DATA BLOCK START
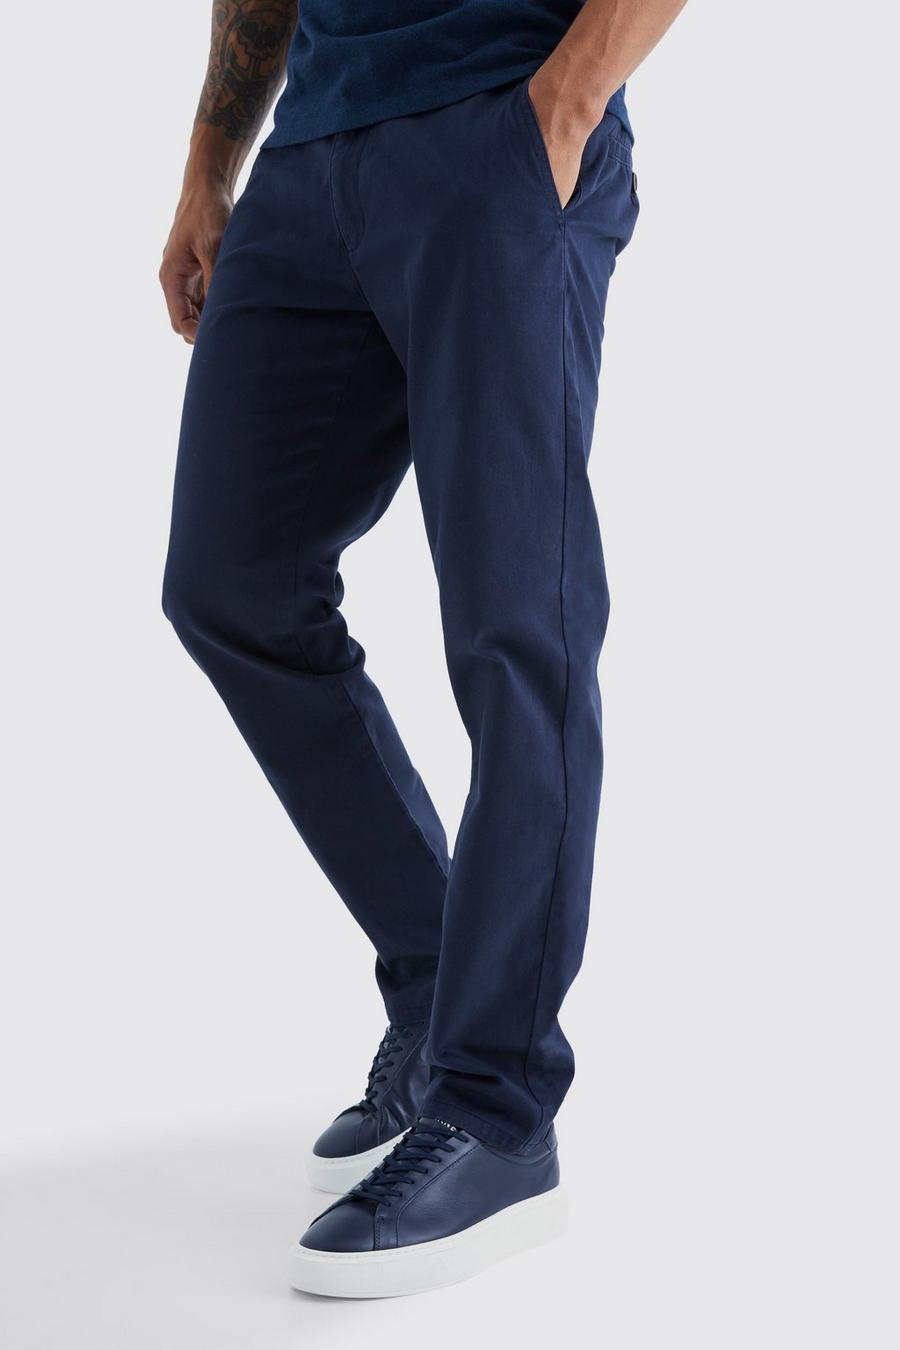 Navy azul marino Fixed Waist Slim Chino Trouser
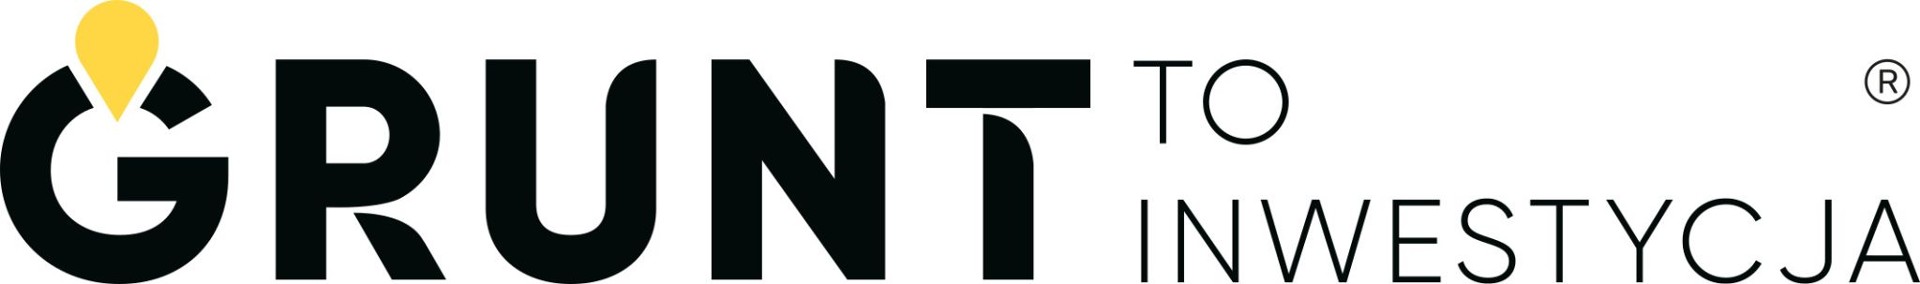 Logo Grunt to inwestycja
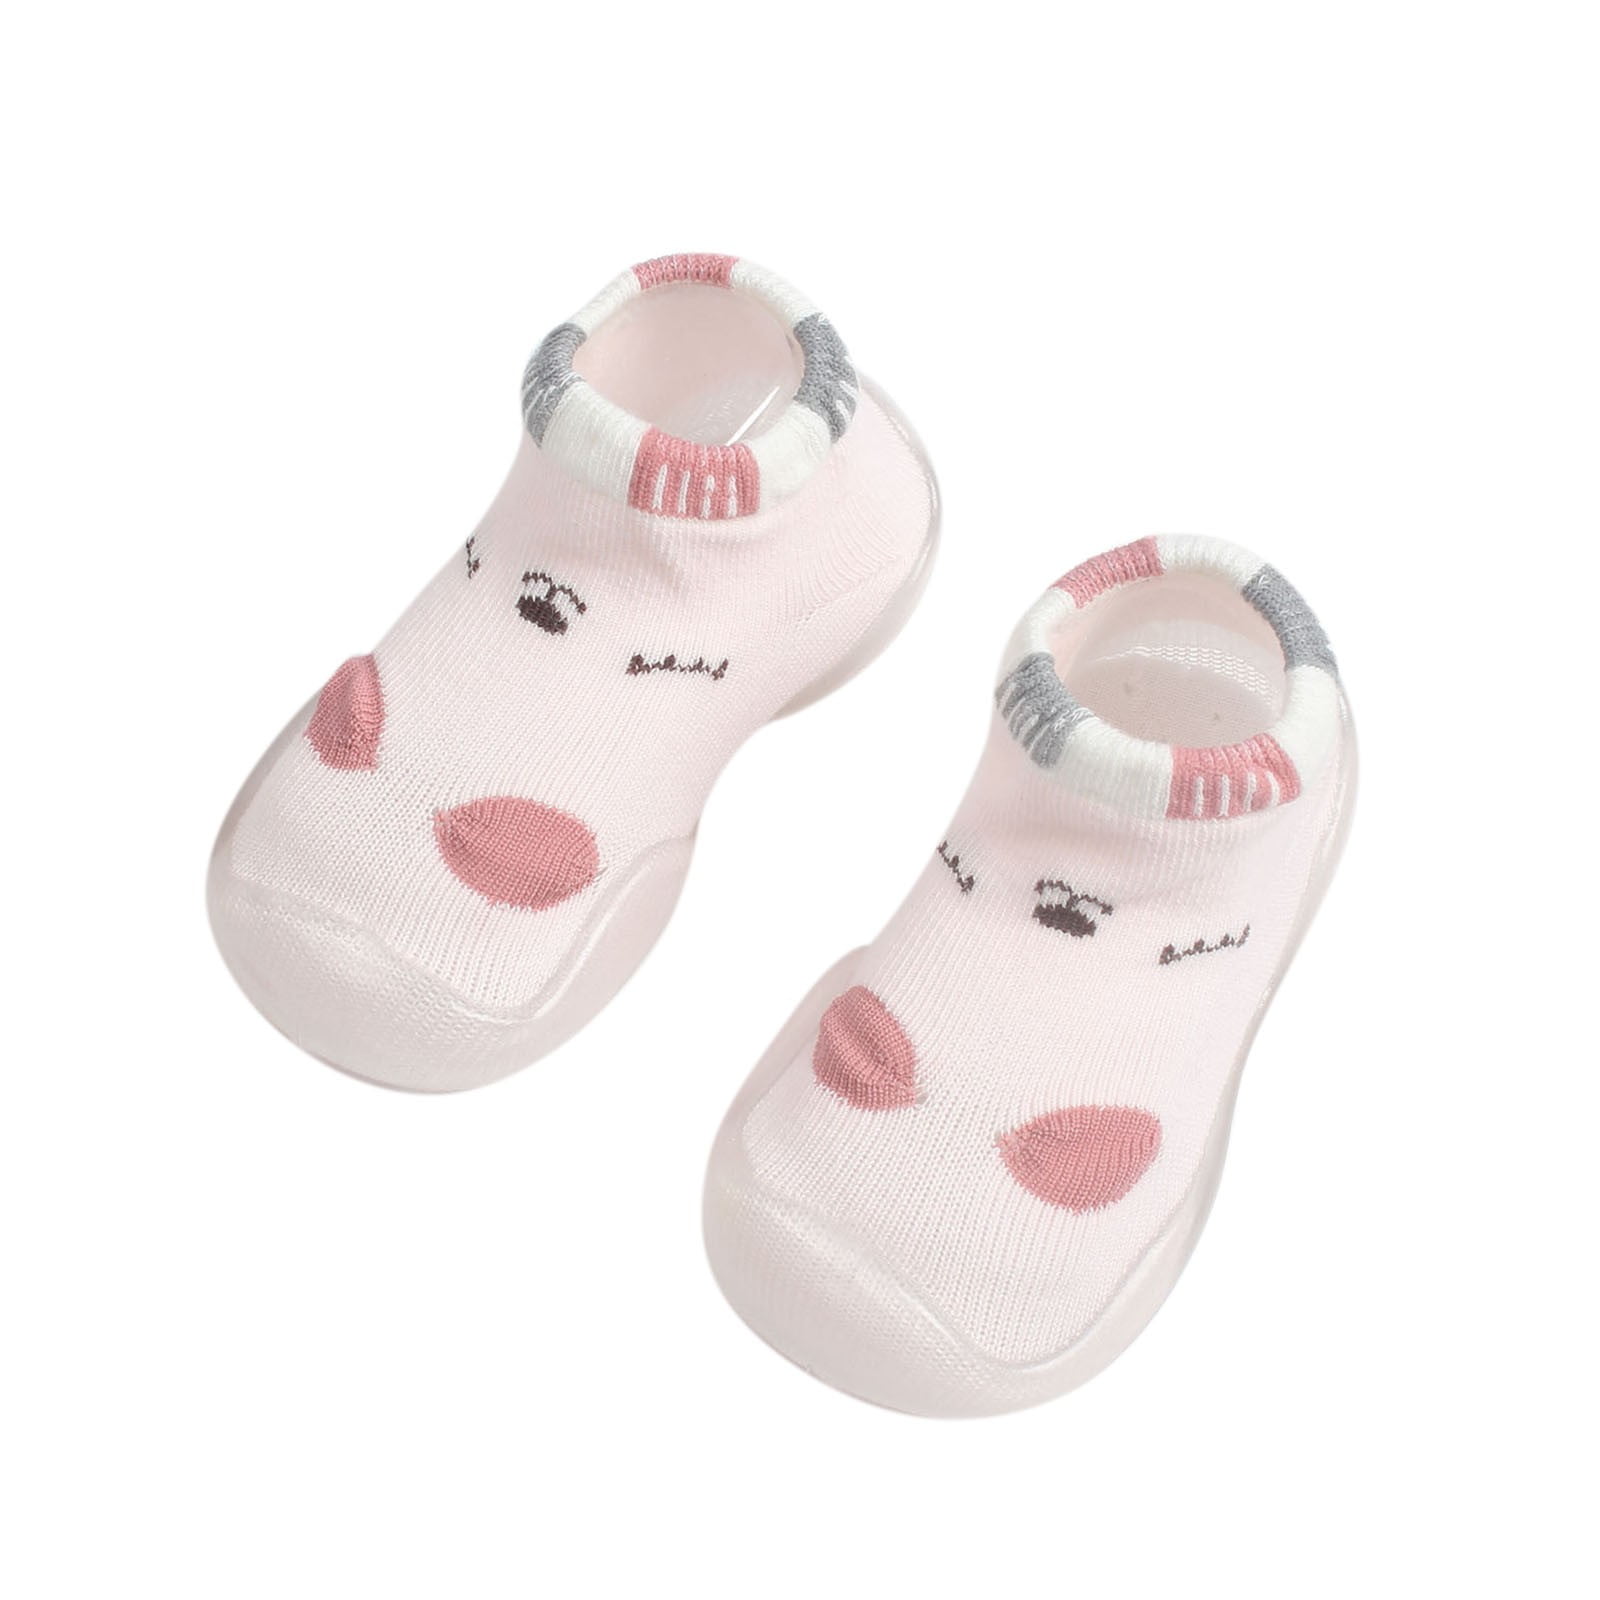 TAIAOJING Baby Boy Girls Sock Shoes Toddler Cute Cartoon Pattern ...
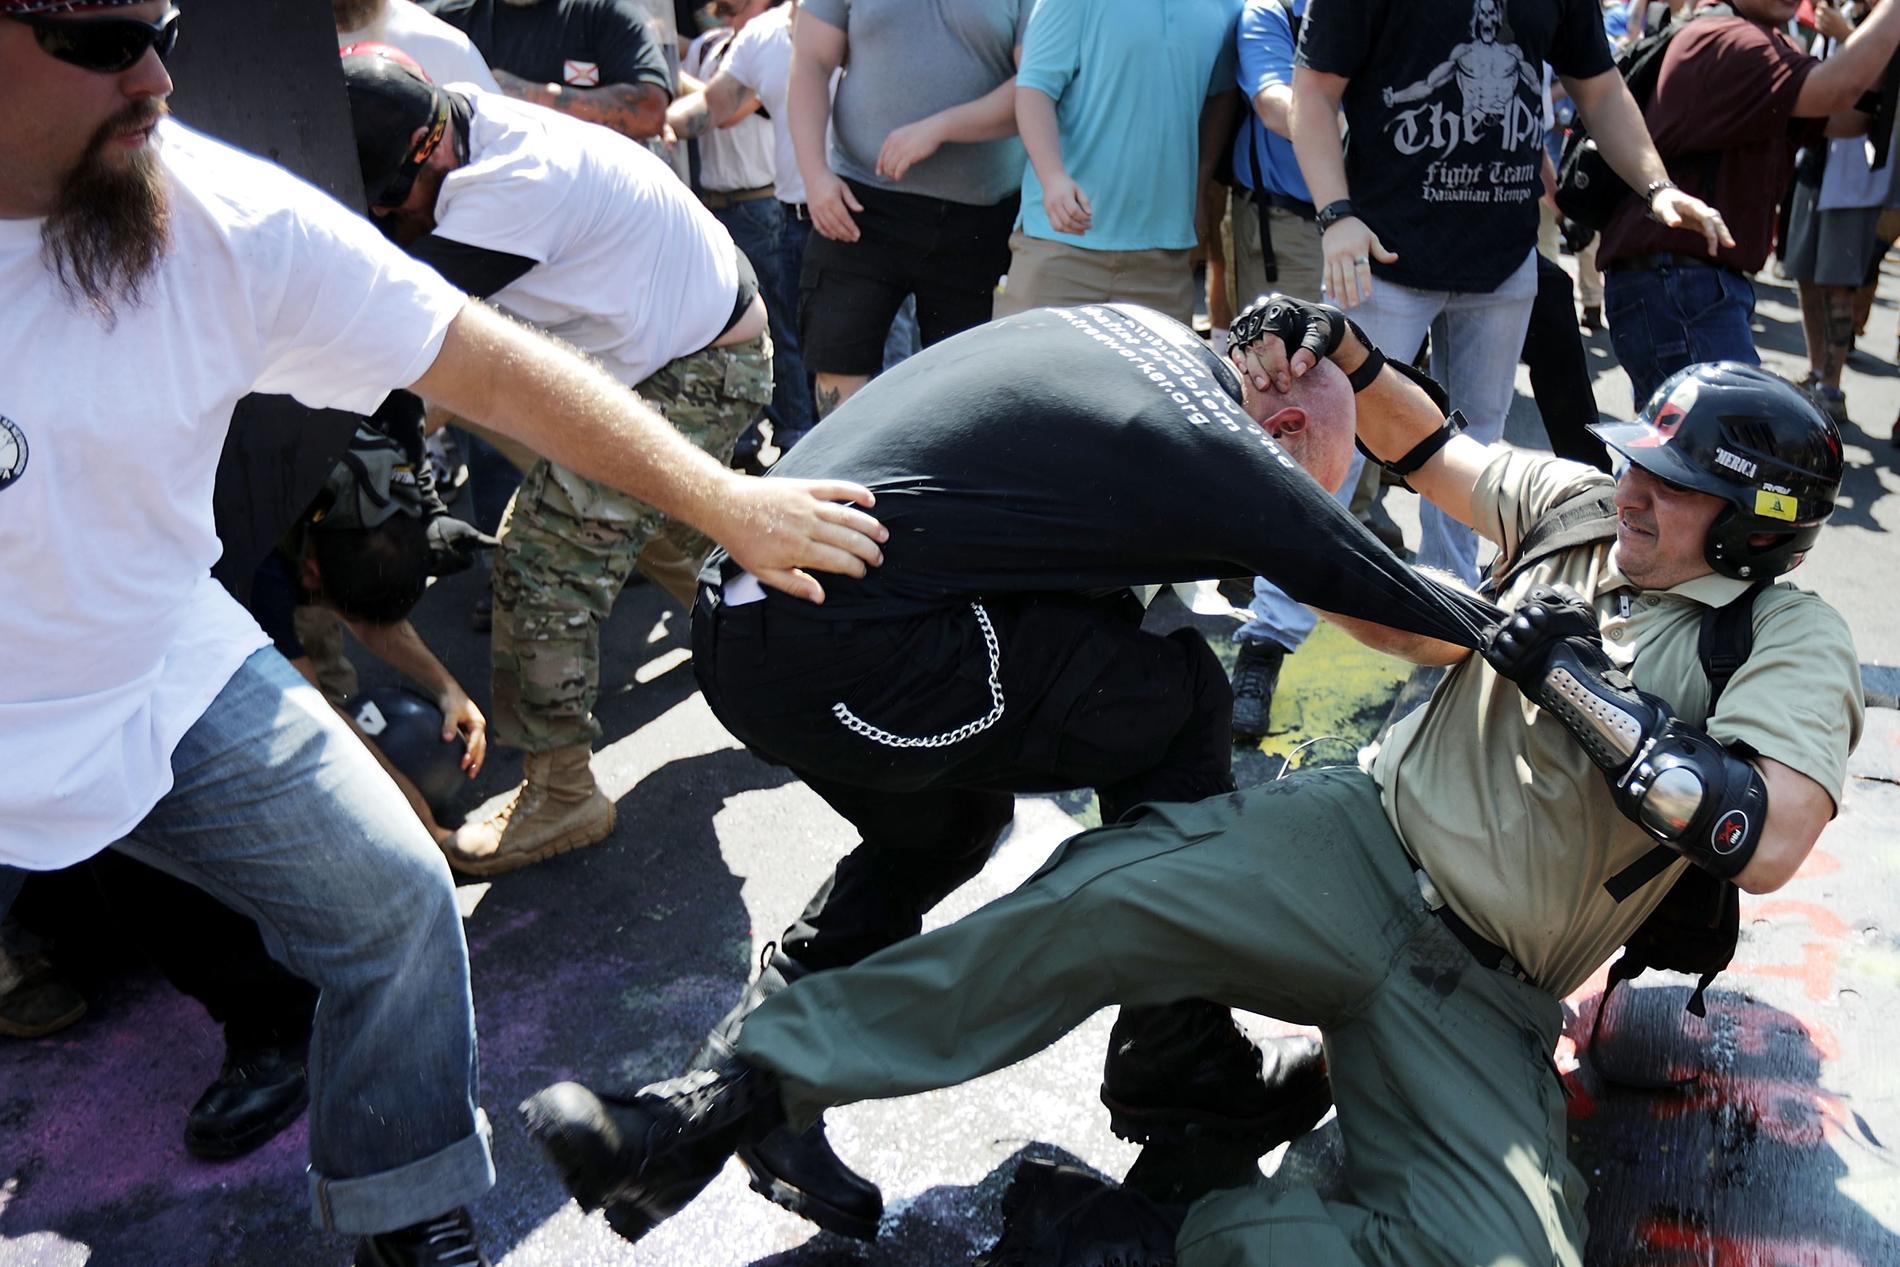  Sammandrabbningar mellan högerextremister och motdemonstranter i Charlottesville, Virginia.
DATA BLOCK END
WHAT YOU NEED TO DO >> Whenever images occur above, omit them and retype each line exactly as it stands.

REPLY >>
 Navy azul marino Fixed Waist Slim Chino Trouser
 Logo Grunt to inwestycja
 TAIAOJING Baby Boy Girls Sock Shoes Toddler Cute Cartoon Pattern ...
  Sammandrabbningar mellan högerextremister och motdemonstranter i Charlottesville, Virginia.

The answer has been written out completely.